Any images in the material are to be dropped while every line is retyped exactly.

Information provided –
··········
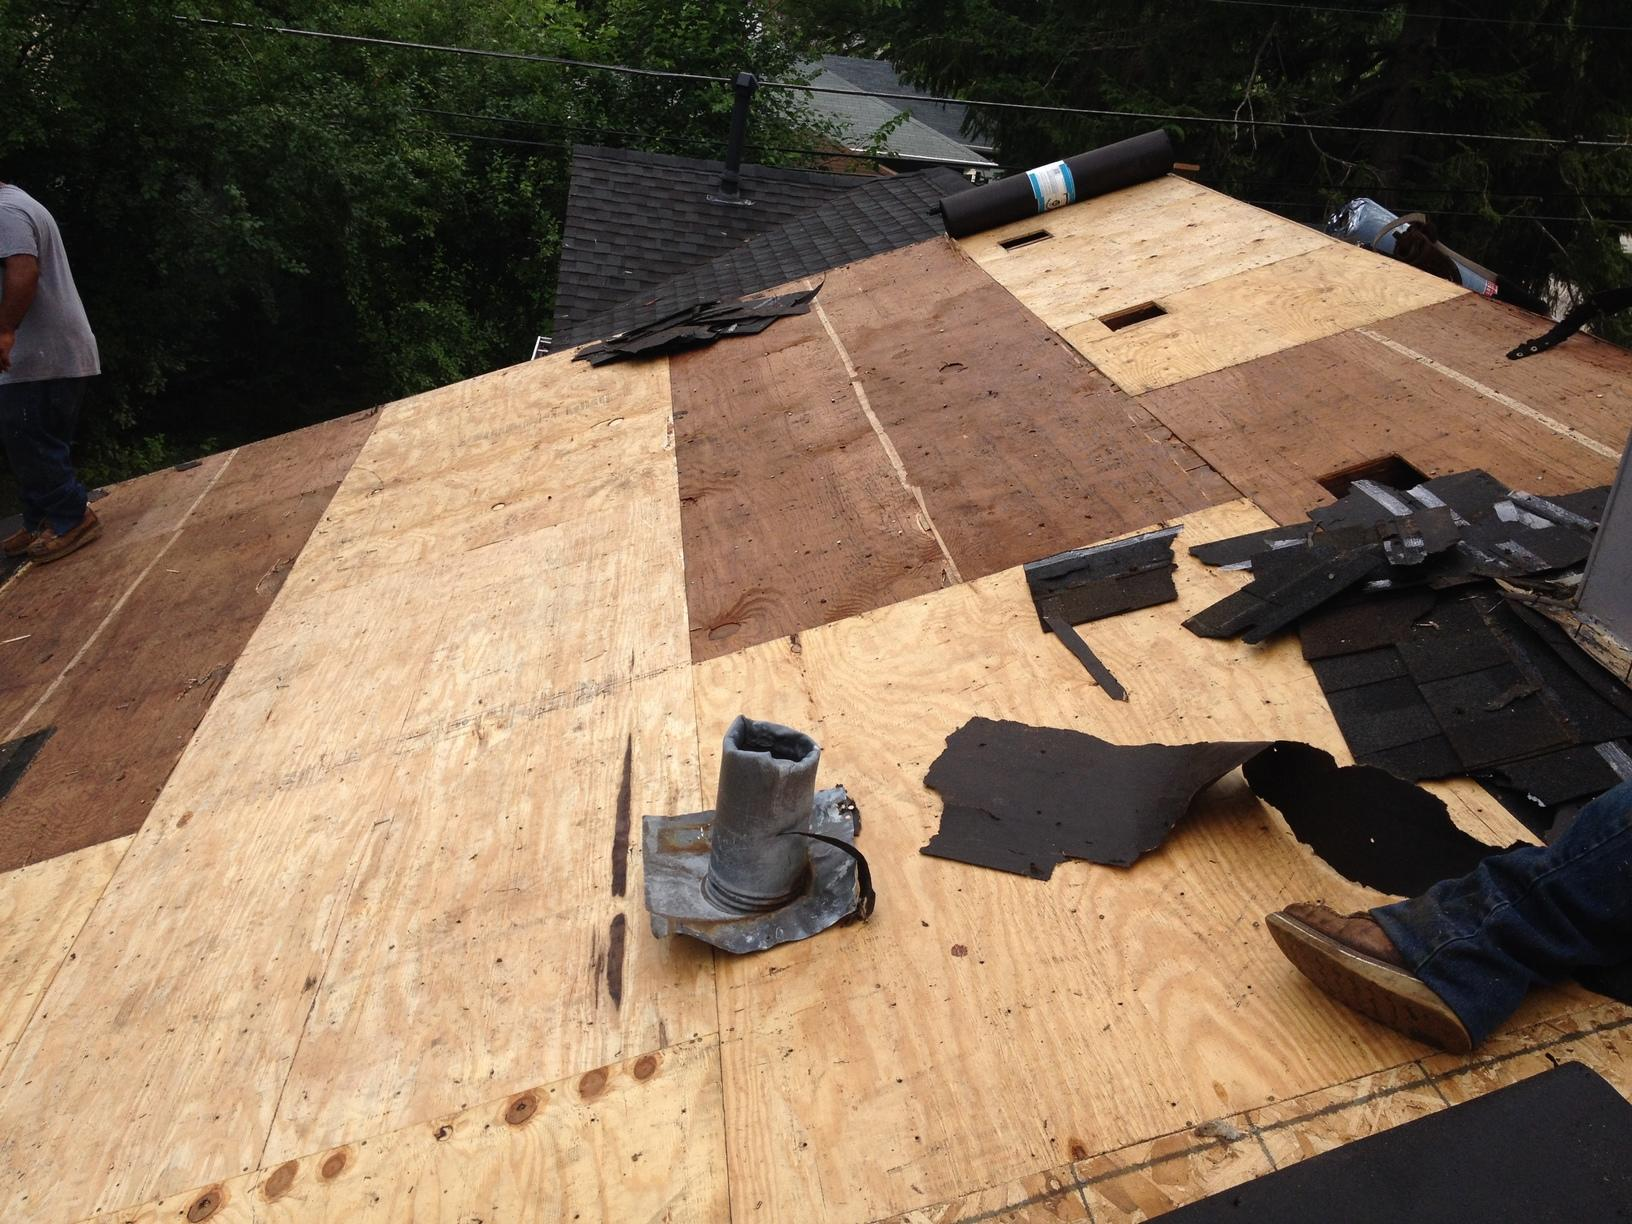 Fallen Tree & Wind Damage in Rolling Meadows IL - After Photo
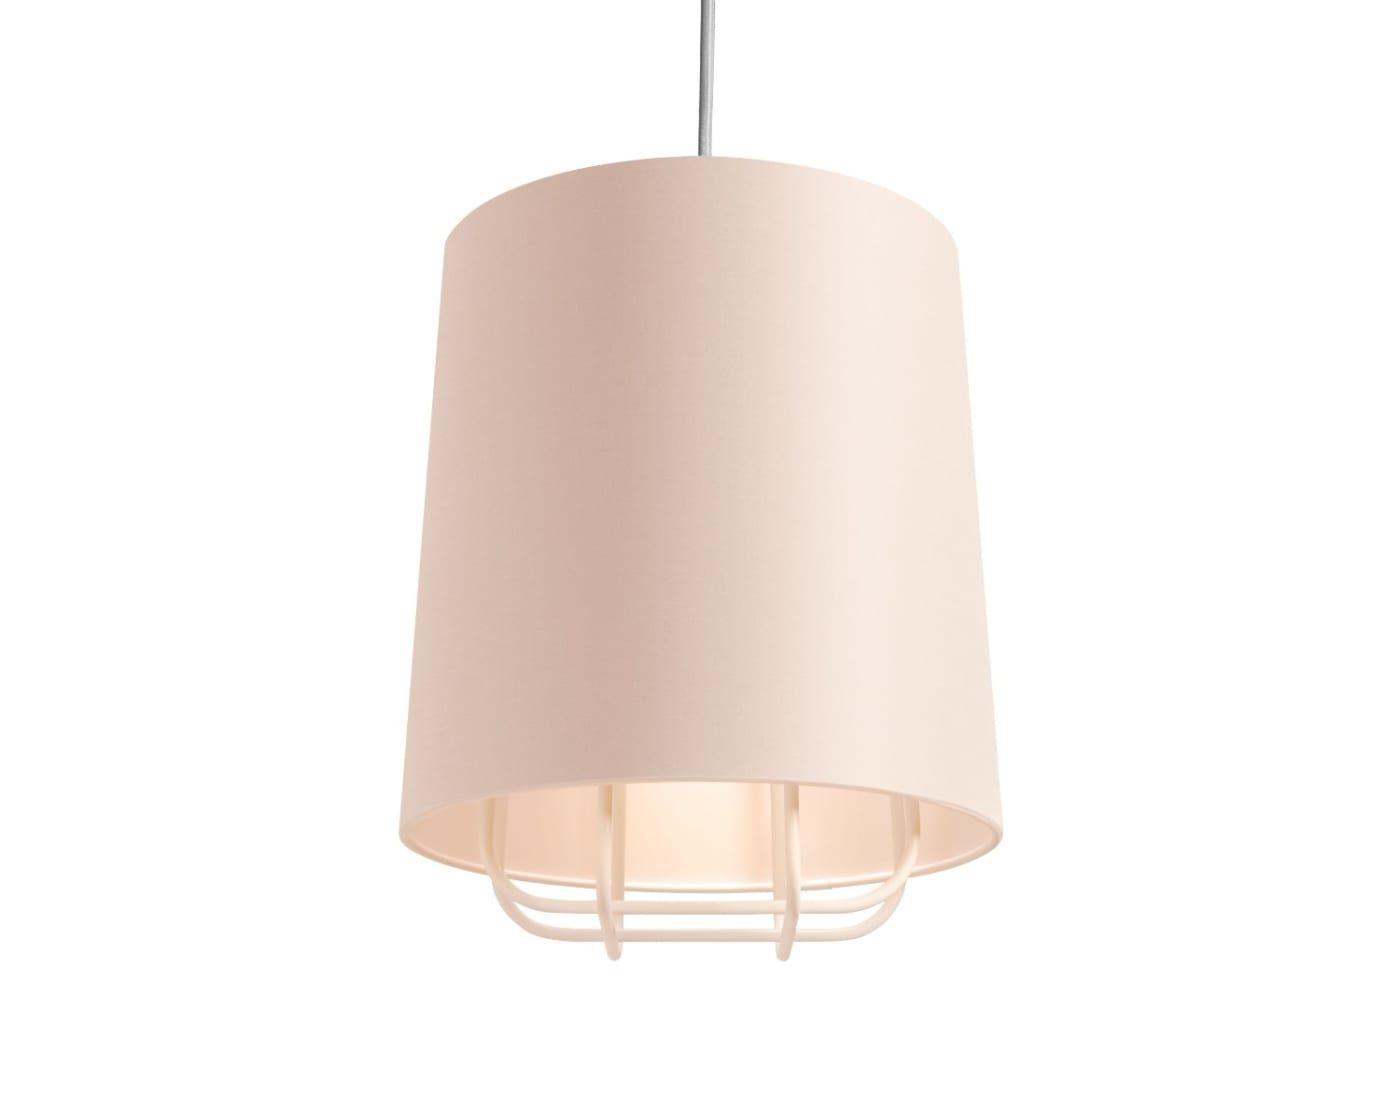 Perimeter Small Pendant Light In Blush Modern Lamps And Lights Blu Dot In 2020 Pendant Light Small Pendant Lights Small Pendant
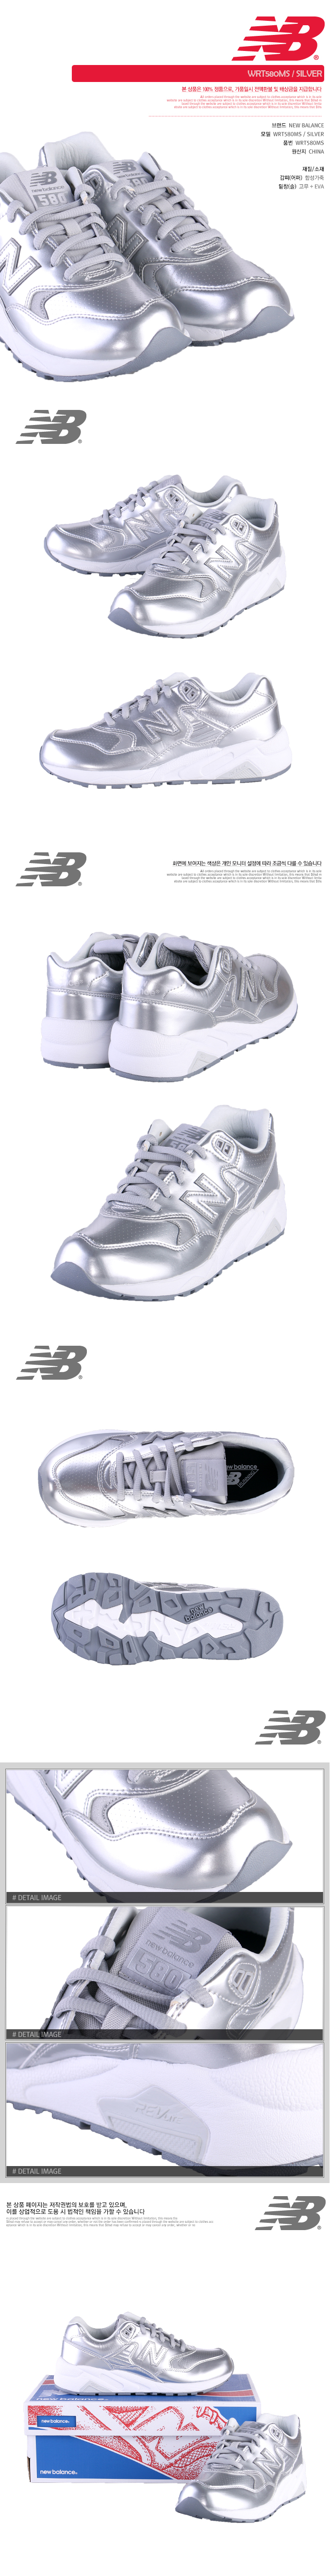 brand new b1d49 8cd21 G마켓 - 뉴발란스(NEW BALANCE) WRT580MS SILVER(unisex ...
··········
Finished task –
 Fallen Tree & Wind Damage in Rolling Meadows IL - After Photo
 Perimeter Small Pendant Light In Blush Modern Lamps And Lights Blu Dot In 2020 Pendant Light Small Pendant Lights Small Pendant
 brand new b1d49 8cd21 G마켓 - 뉴발란스(NEW BALANCE) WRT580MS SILVER(unisex ...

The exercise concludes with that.